### DATASET SECTION
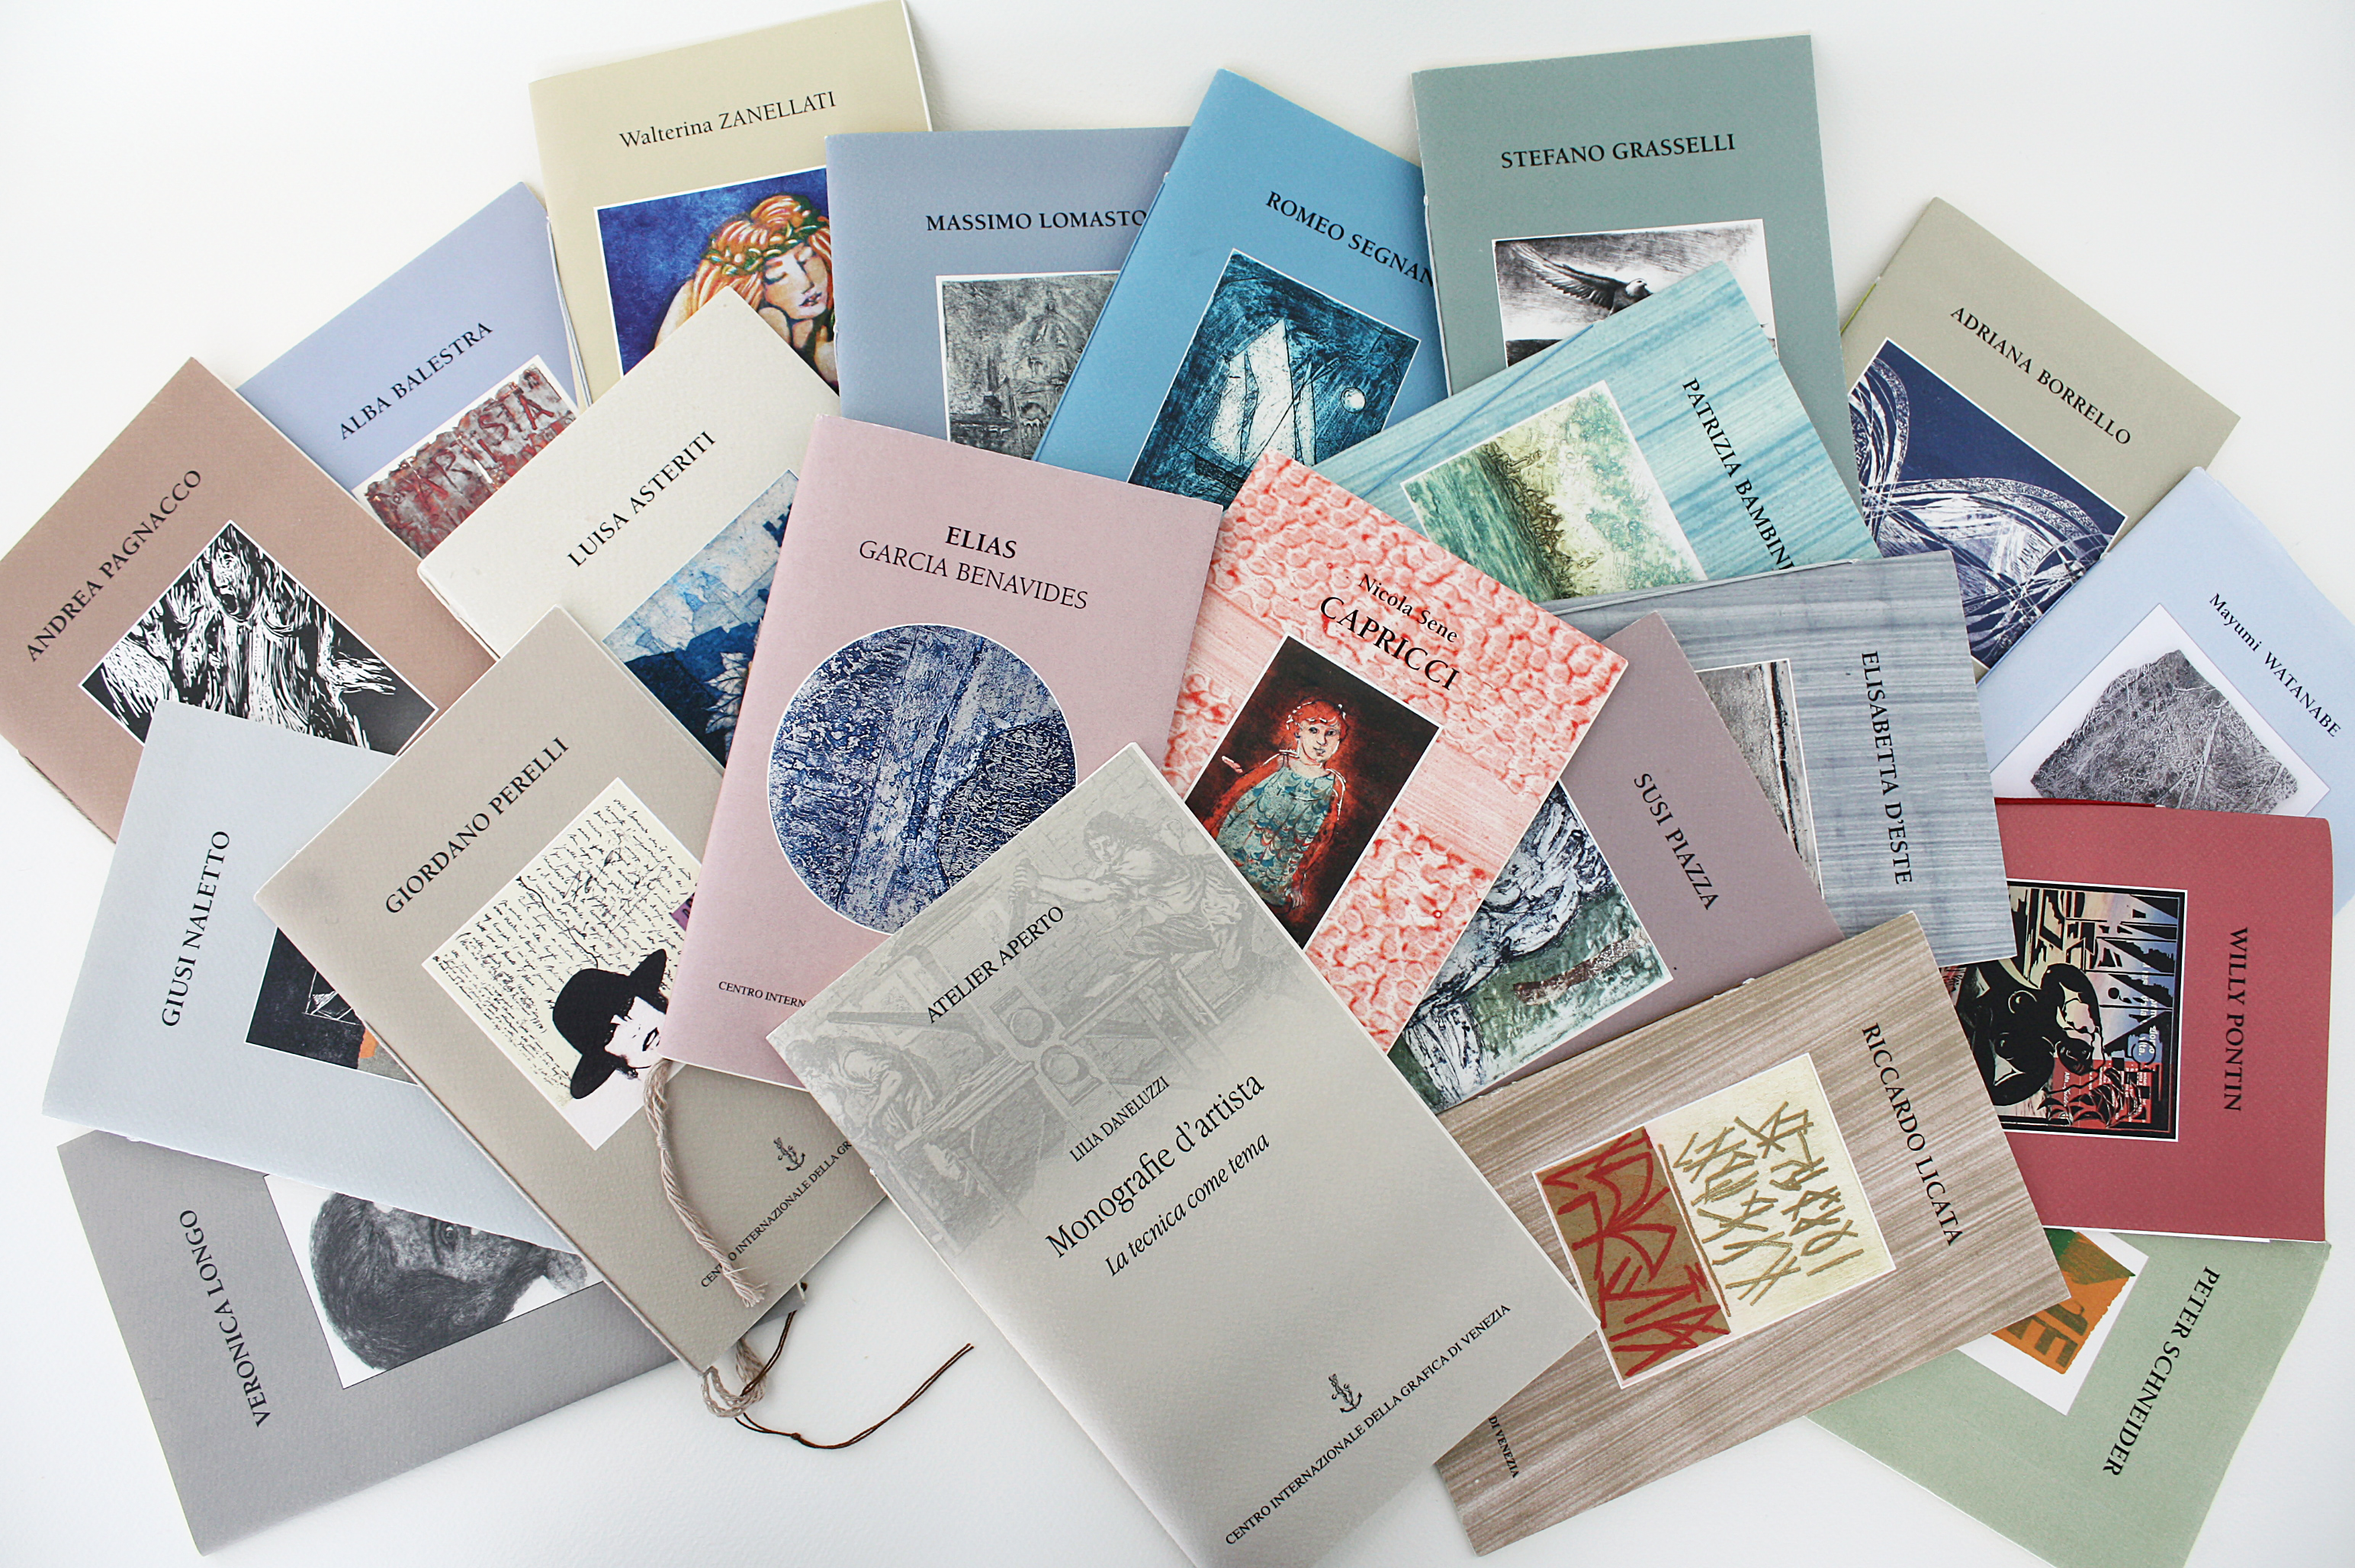 Le 21 Monografie d'artista e il catalogo edita dal Centro della Grafica di Venezia
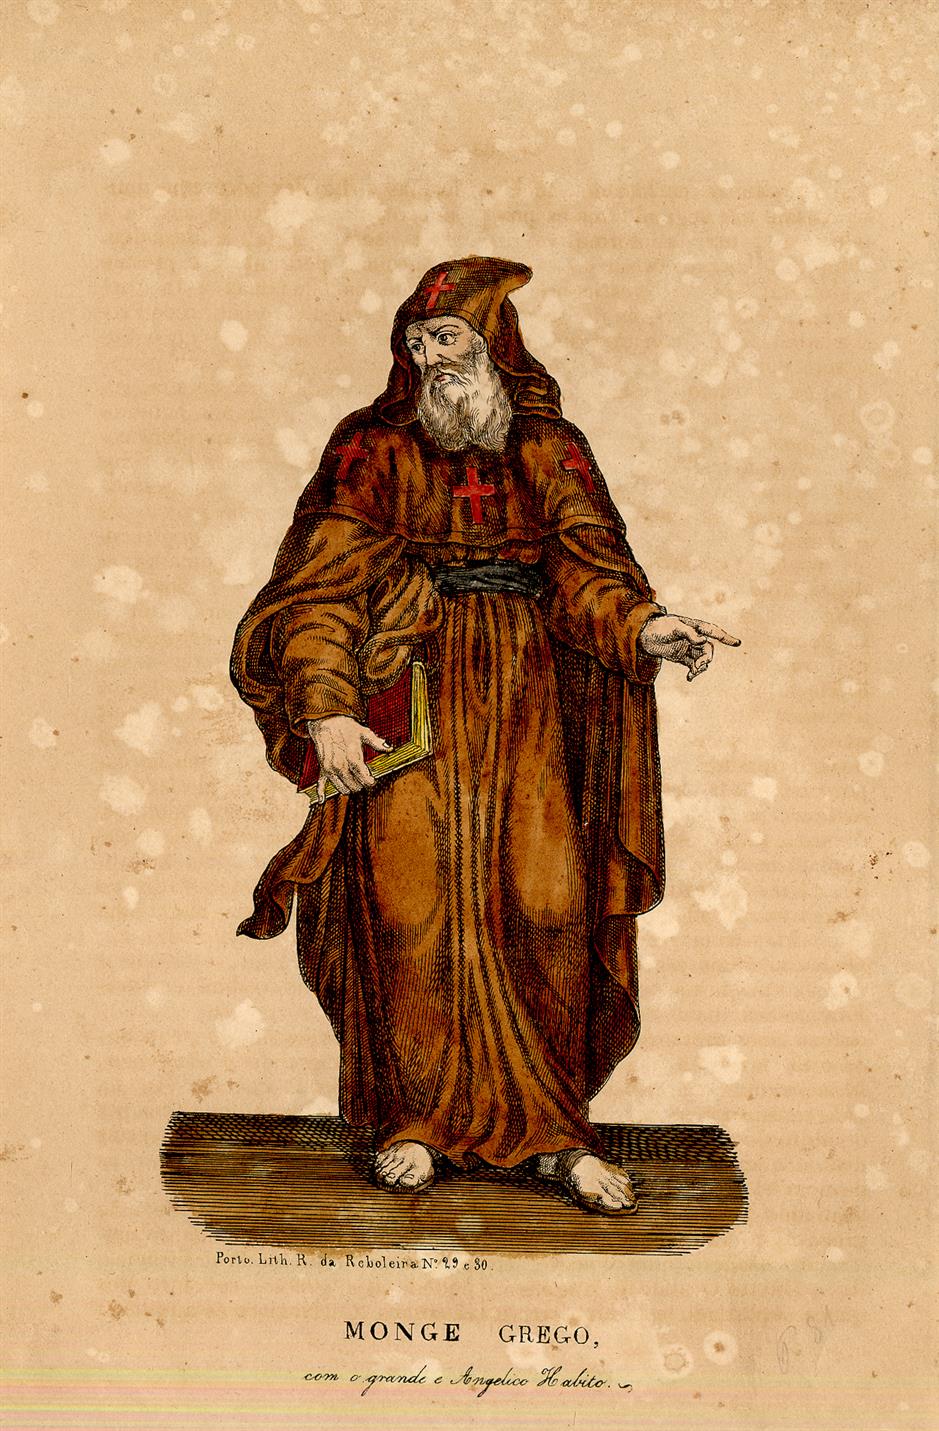 Monge grego, com o grande e angélico hábito
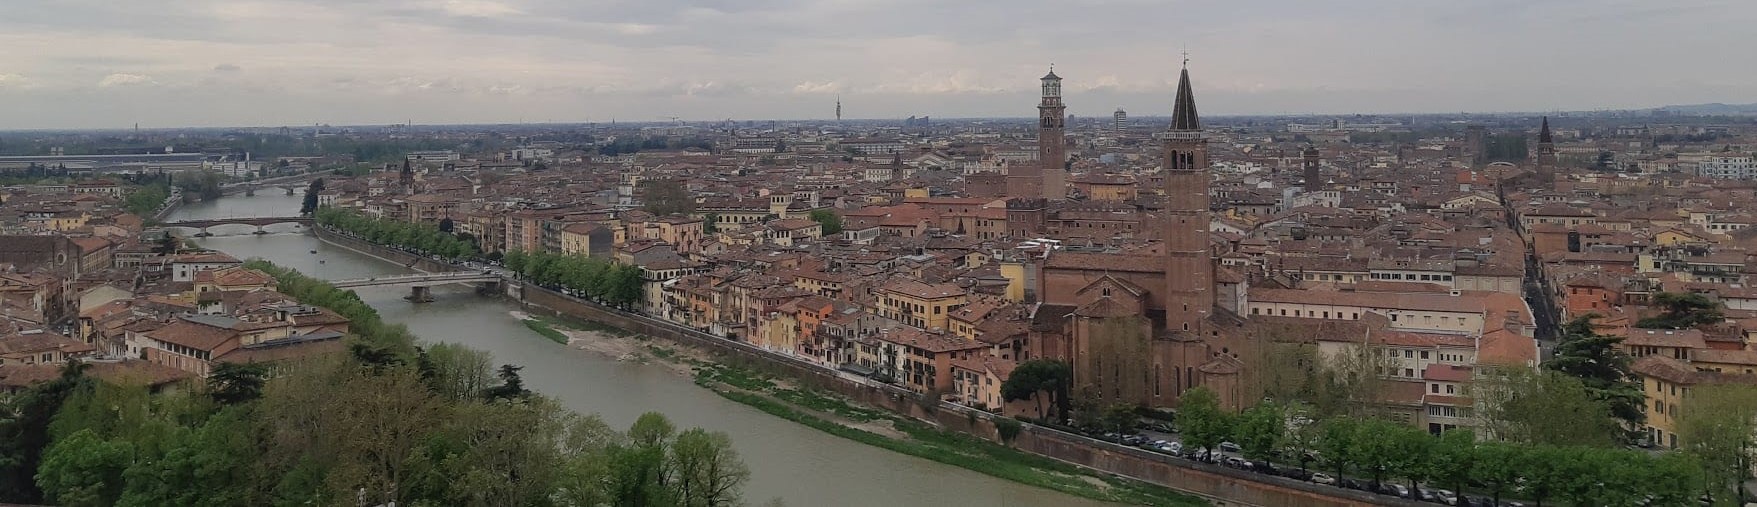 Verona i Veneto

### WORK REQUEST
Retype all of the material above exactly; the pictures stay out.

### RESPONSE TO THE TASK
 Le 21 Monografie d'artista e il catalogo edita dal Centro della Grafica di Venezia
 Monge grego, com o grande e angélico hábito
 Verona i Veneto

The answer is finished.